Quantity Over Price: The Core Thesis
Hayes framed his outlook around monetary conditions, asking: 'Do you believe the quantity or the price of money is more important when valuing Bitcoin?' He answered with a direct thesis: 'I believe the quantity of money determines the price of Bitcoin, not its price.' This view underpins his broader market framework, which expects Bitcoin to struggle during forced deleveraging and strengthen when policymakers expand credit. He tied that dynamic to geopolitical outcomes involving the Strait of Hormuz, as well as a domestic economic slowdown driven by white-collar job losses. In his view, those pressures could hit credit quality, weigh on banks, and delay any durable crypto rally until authorities supply fresh liquidity.

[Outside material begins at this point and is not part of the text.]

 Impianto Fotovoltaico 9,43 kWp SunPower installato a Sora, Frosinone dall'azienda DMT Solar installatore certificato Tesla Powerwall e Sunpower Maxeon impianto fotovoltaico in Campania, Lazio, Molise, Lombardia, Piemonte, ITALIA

Geopolitical Tensions and Credit Stress
Hayes wrote: 'Bitcoin might bounce a bit after the situation reverts to the pre-war status quo. However, the AI agentic deflation bomb still ticks below the surface. Until the Fed provides the liquidity needed to plug the black hole in banks' balance sheets caused by consumer credit defaults, Bitcoin will not meaningfully rise.' He added, 'That’s not to say it couldn’t spike to $80,000 to $90,000, but for me putting new units of fiat at risk requires an all-clear from the Fed.' The statement shows he still sees upside potential, but only after broader financial stress is addressed.

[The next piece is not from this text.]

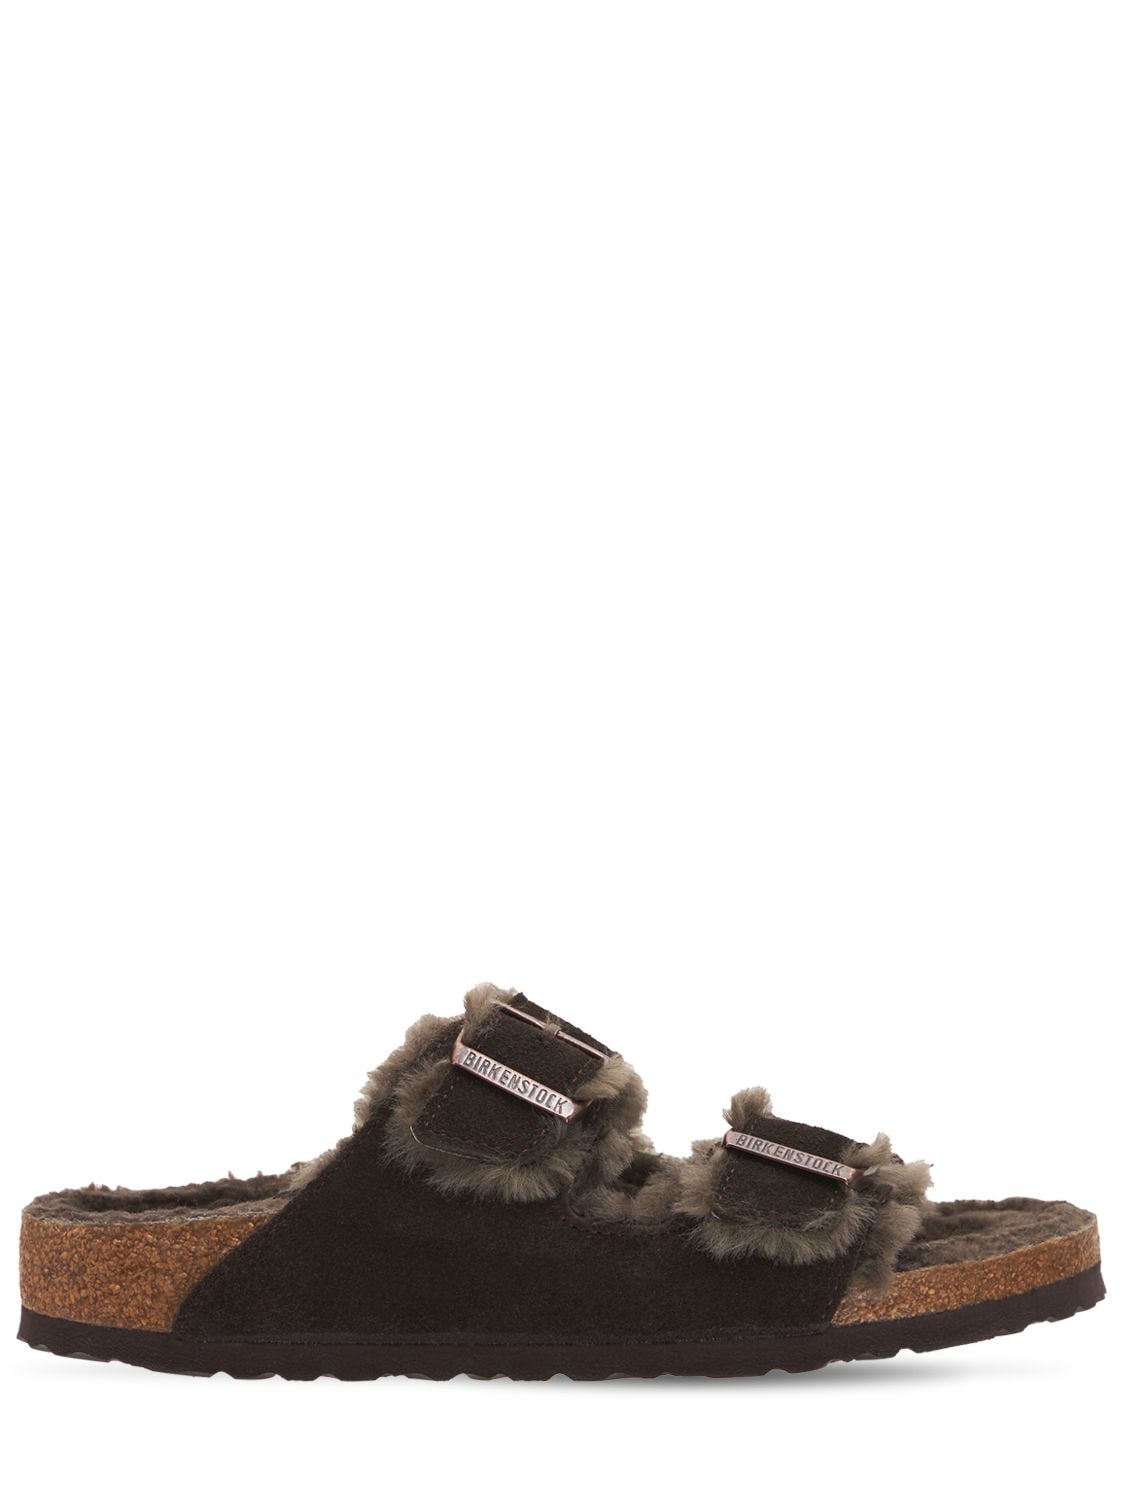 Birkenstock Arizona Shearling & Suede Sandals In Dark Brown

Hayes also warned that market stress could produce another sharp Bitcoin selloff before any recovery takes hold. 'As investors de-risk their portfolios because of higher volatility and lower prices, investors sell bitcoin to meet margin calls,' he described, adding: 'Only when things get bad enough will bitcoin rise, as expectations of a bailout become the consensus.' In the most extreme scenario, even a liquidity-fueled rally may not last. 'The rally in bitcoin, inspired by money printing, might be short-lived because the destruction of the Iranian state materially raises the prospect of WW3.' Taken together, the essay presents a conditional forecast: near-term volatility remains high, while any lasting upside still depends on crisis-era money creation.
Waiting for the Fed Balance Sheet Expansion
Hayes emphasized that Bitcoin's next major move hinges on central bank balance sheets. He previously noted that liquidity expansion, currency stress, and deleveraging are the primary drivers for Bitcoin. Currently, the market is in a 'no trade zone,' and investors should remain cautious until the Fed or other authorities explicitly signal liquidity injections. Once a credit crisis forces central banks to unleash massive quantitative easing, Bitcoin could mount a meaningful recovery.